The Fortuna binary has a command-line interface to perform useful operations on the contract, such as
registering a new randomness provider, or drawing a random value. To see the available commands, simply run `cargo run`.

## Multiple Replica Setup

Fortuna supports running multiple replica instances for high availability and reliability. This prevents service interruption if one instance goes down and distributes the workload across multiple instances.

### How Replica Assignment Works

- Each replica is assigned a unique `replica_id` (0, 1, 2, etc.)
- Requests are distributed using modulo assignment: `sequence_number % total_replicas`
- Each replica primarily handles requests assigned to its ID
- After a configurable delay, replicas will process requests from other replicas as backup (failover)

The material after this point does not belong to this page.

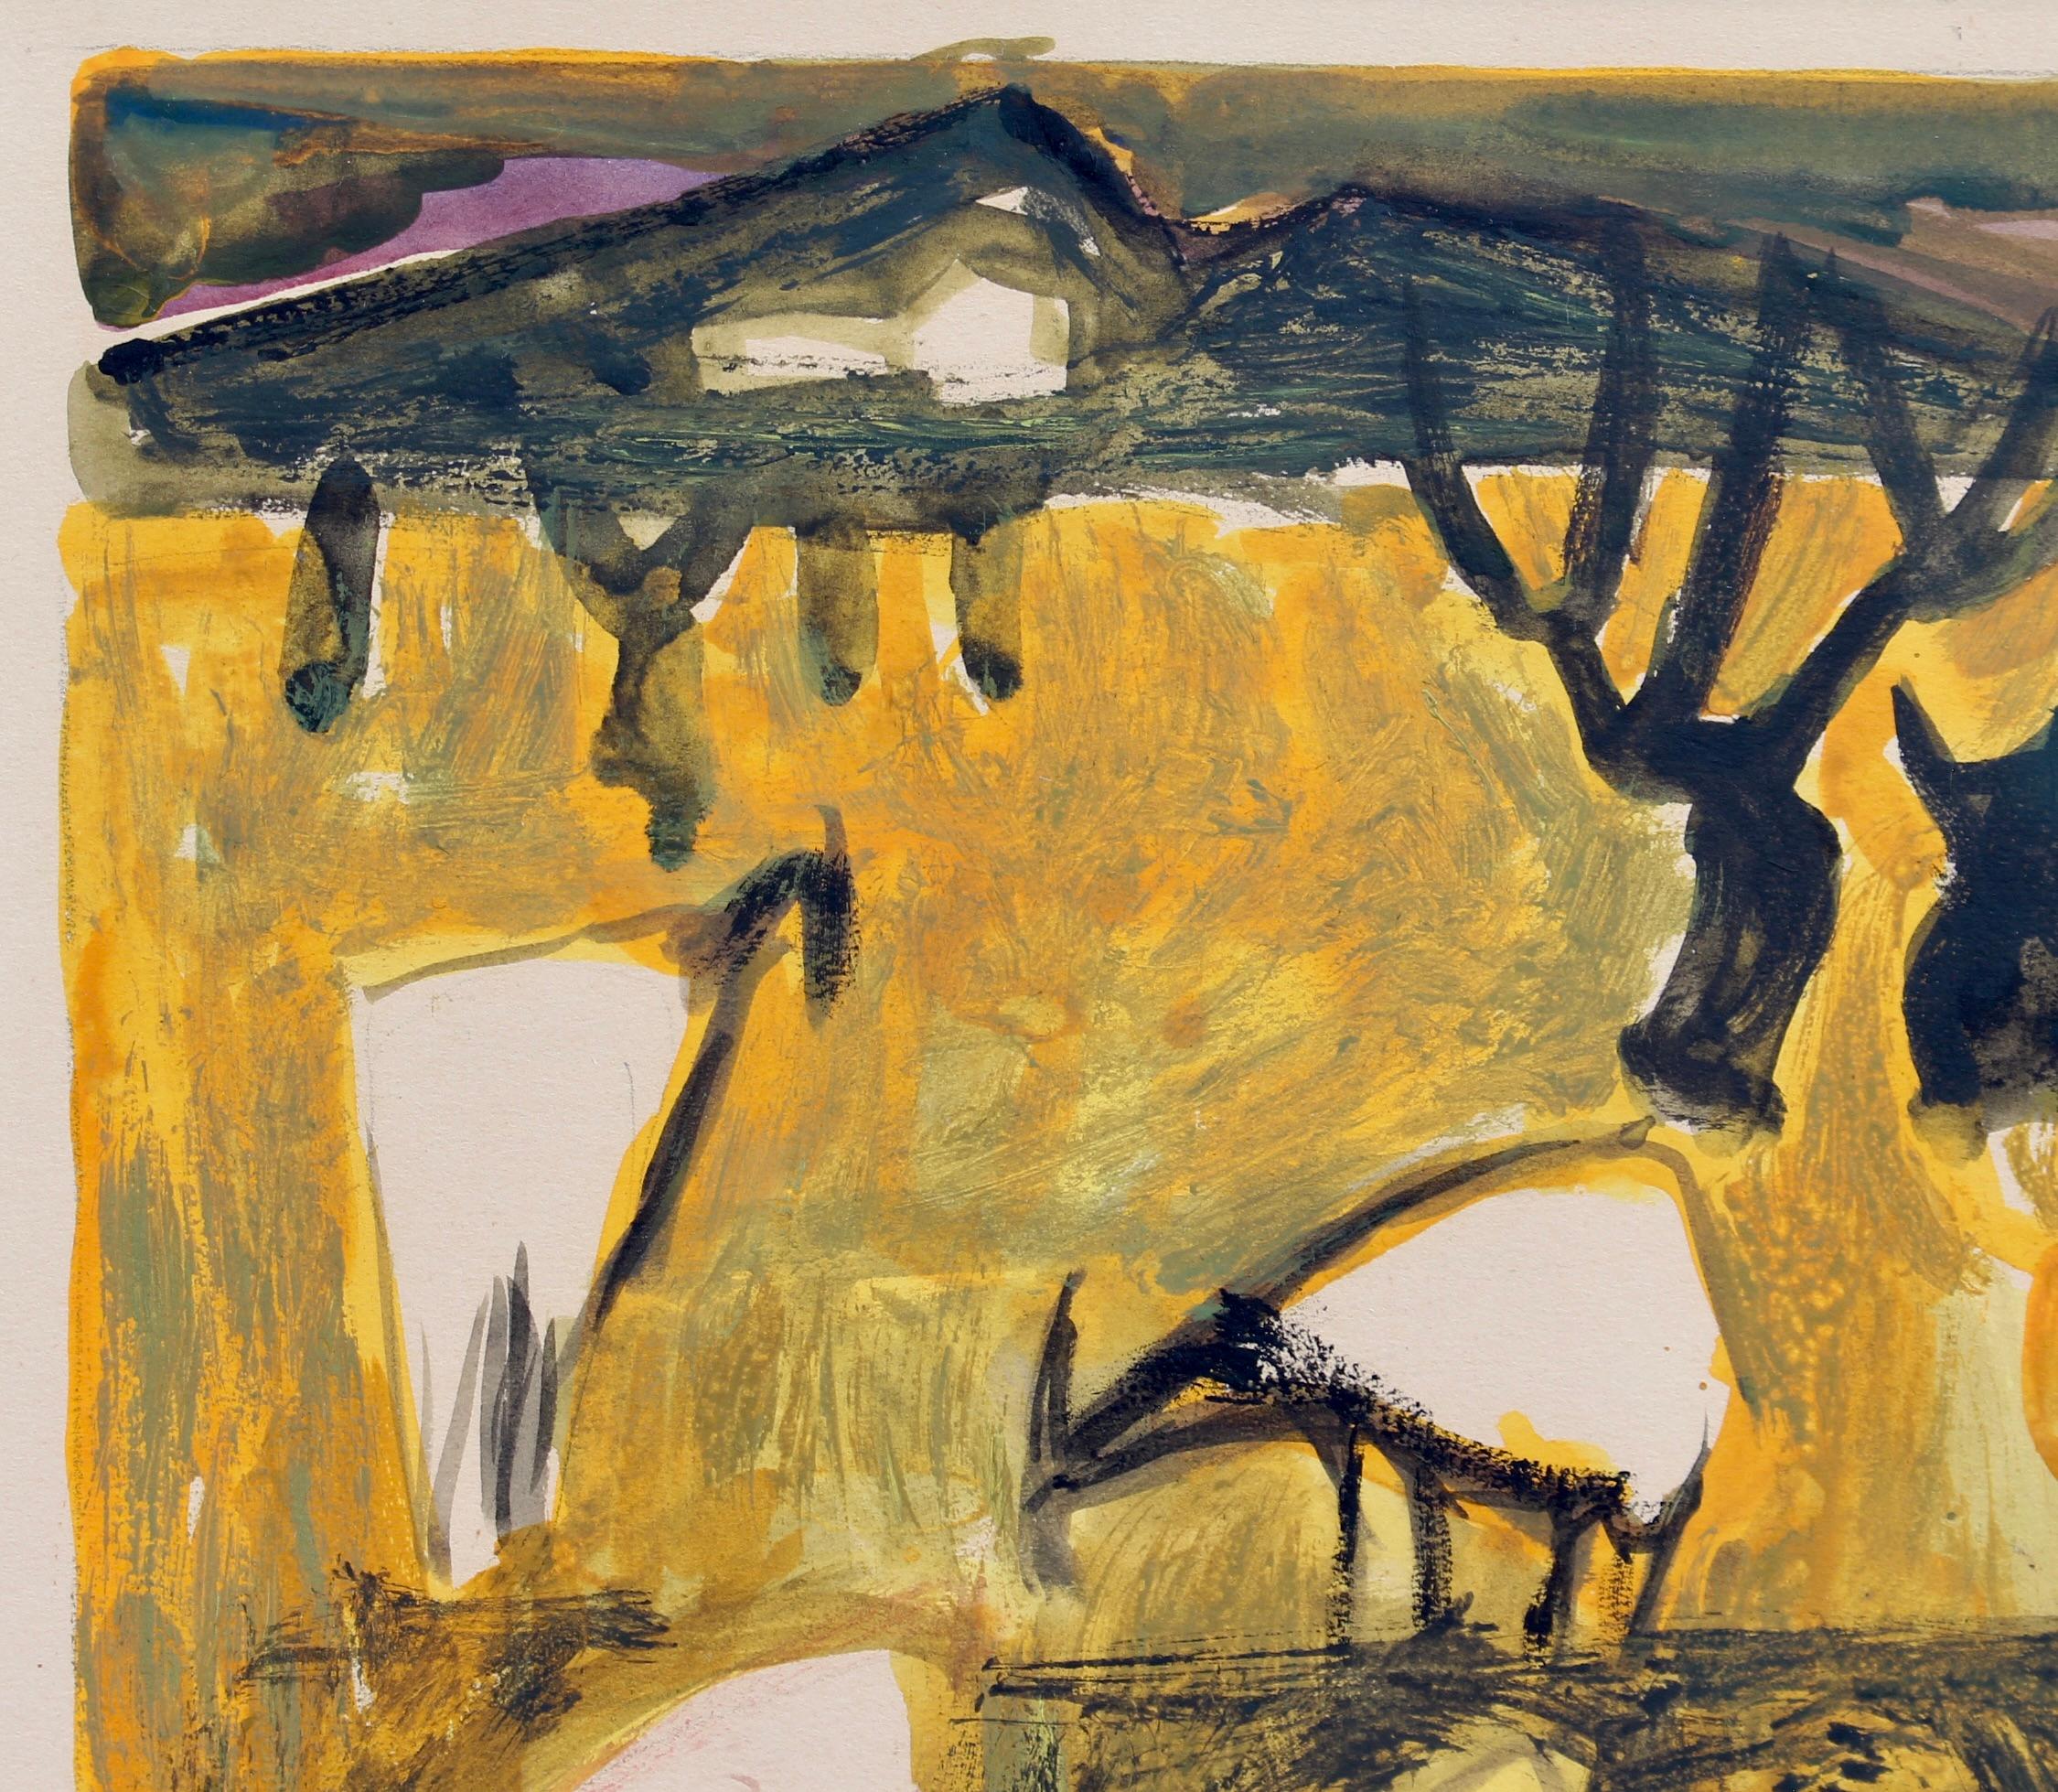 'Landscape with Man and Goats', gouache on paper, by Raymond Guerrier (circa 1960s). After the artist moved from Paris to the South of France, he started painting landscapes illuminated by the renowned Provencal light which inspired so many artists
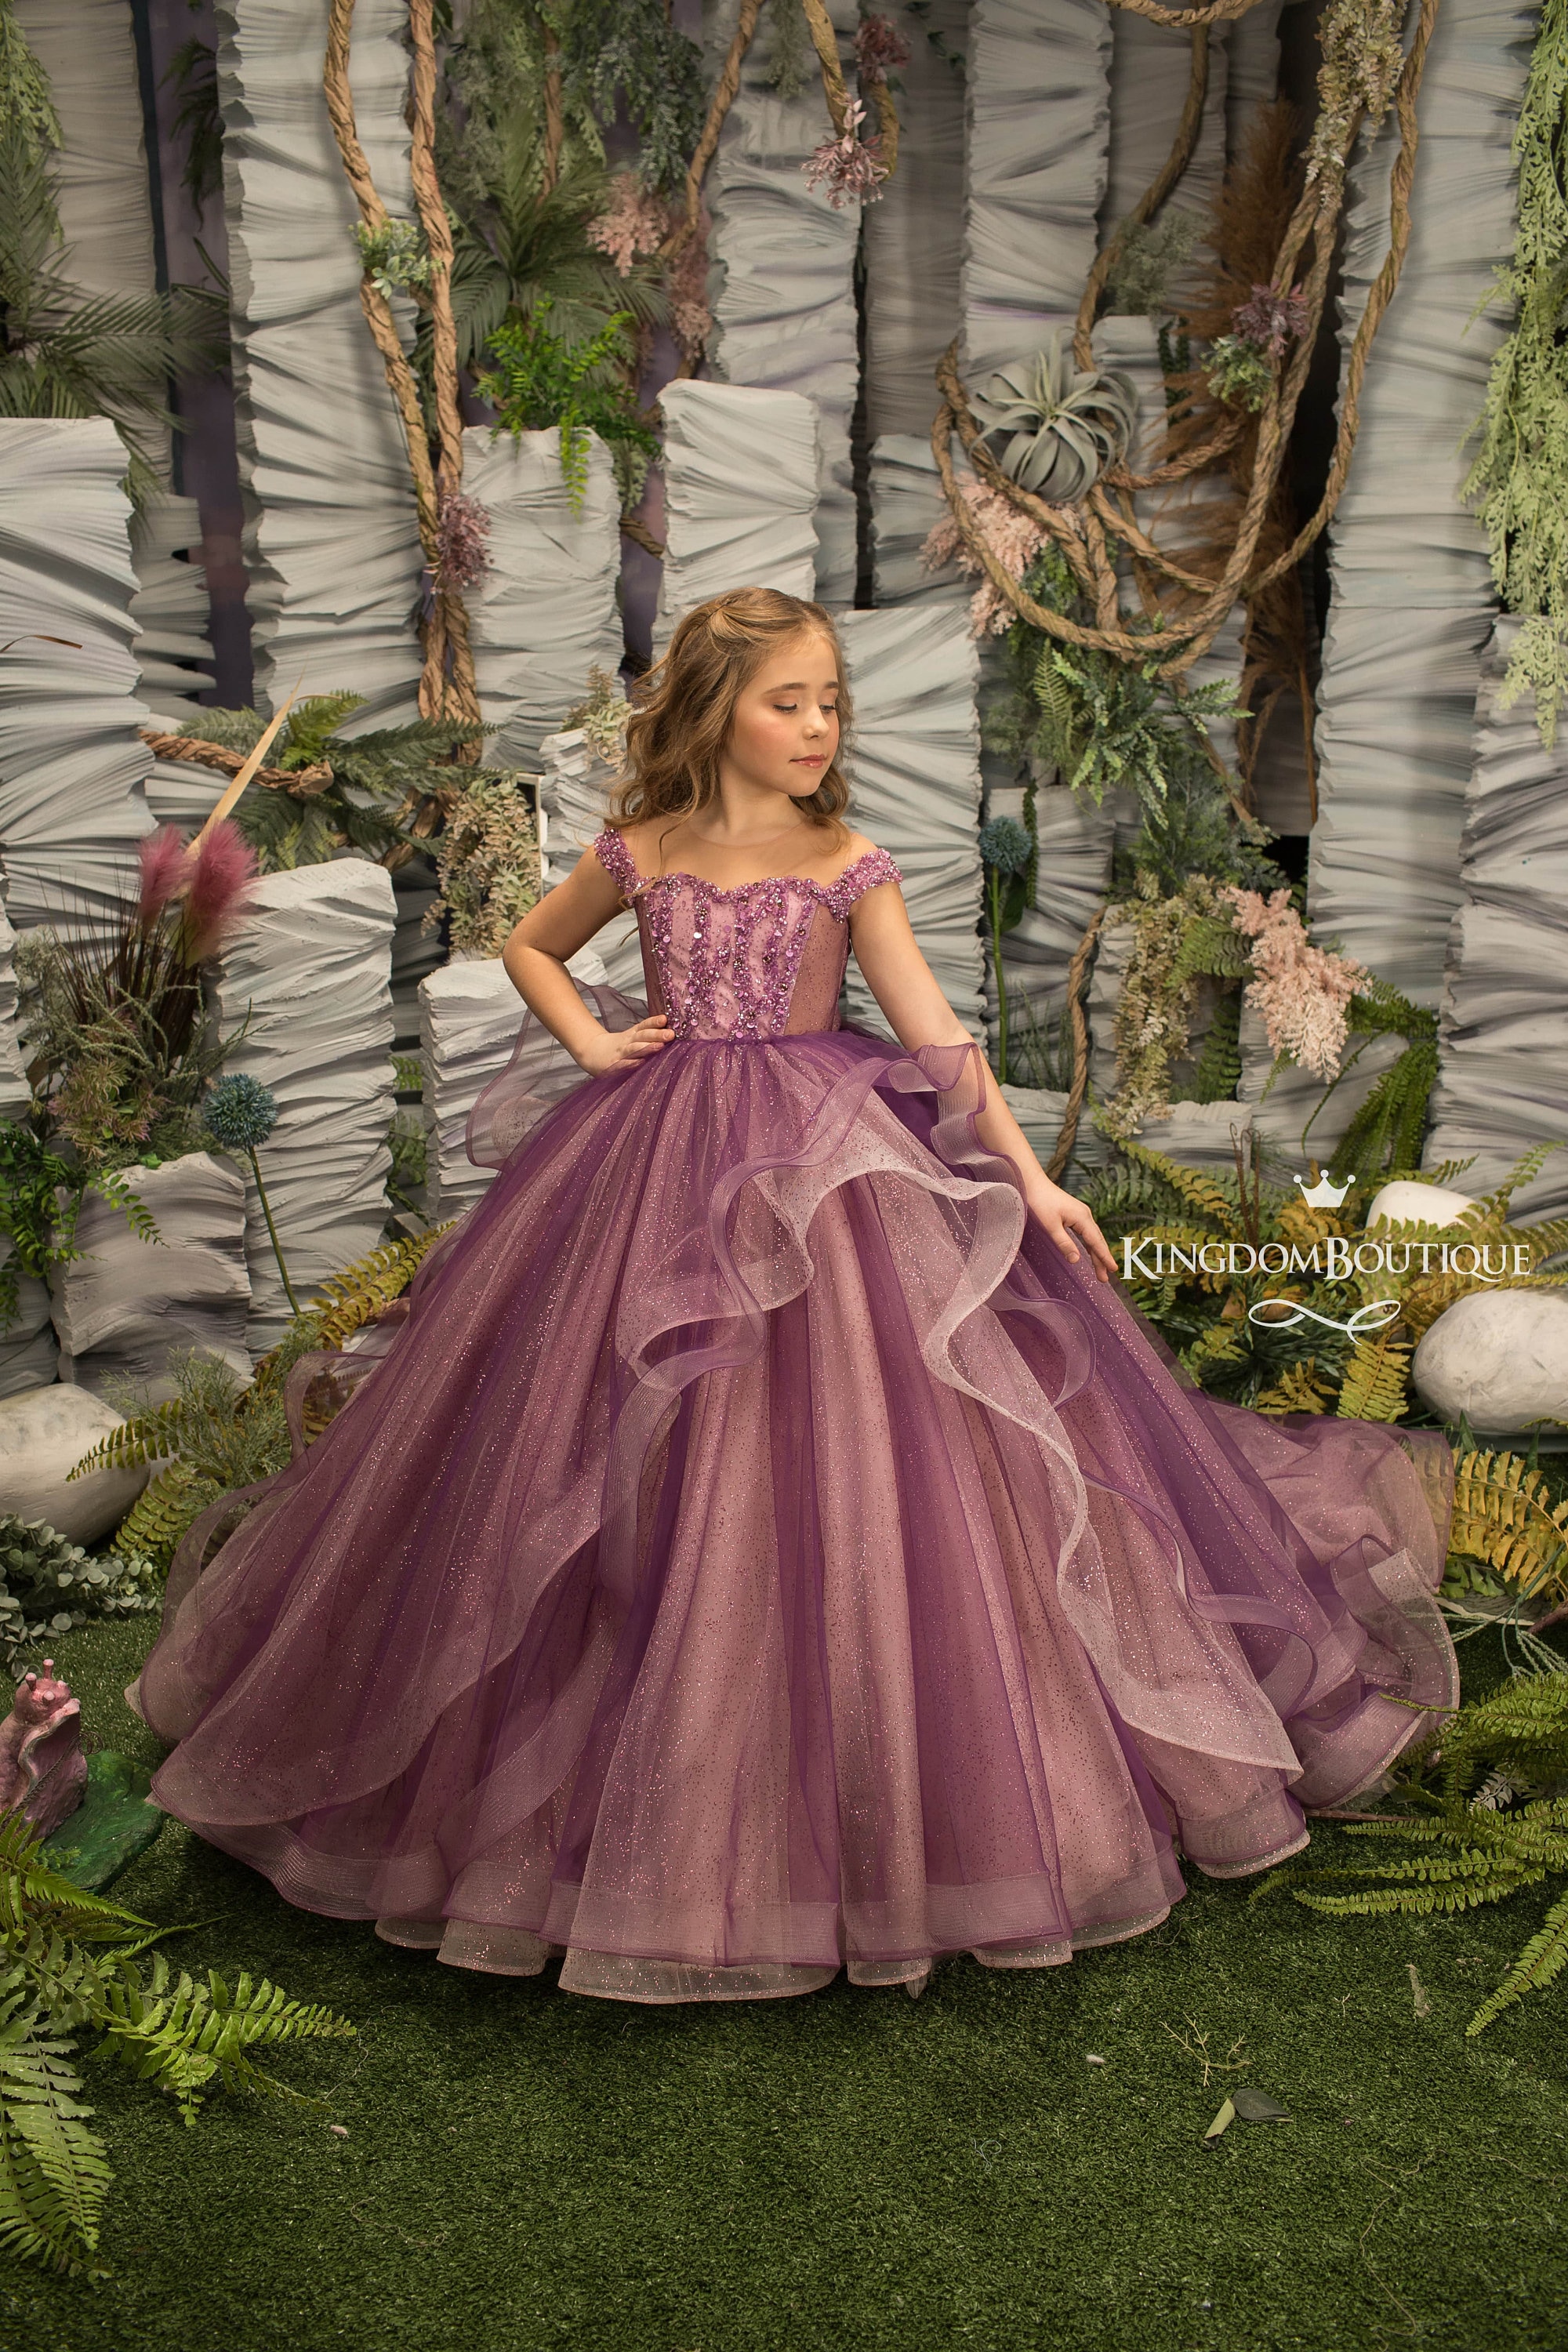 US Flower Girls Princess Dress Wedding Bridesmaid Party Pageant Ball Prom Gown

### Fee Management with Multiple Instances

When running multiple Fortuna instances with different keeper wallets, the system uses a fair fee distribution strategy. Each keeper will withdraw fees from the contract to maintain a balanced distribution across all known keeper addresses and the fee manager address.

The fee manager (configured in the provider section) can be a separate wallet from the keeper wallets. When fees are withdrawn from the contract, they go to the fee manager wallet first, then are automatically transferred to the requesting keeper wallet.

**Key Configuration:**
- All instances should have `keeper.private_key` and `keeper.fee_manager_private_key` provided so that each keeper can top itself up as fee manager from contract fees.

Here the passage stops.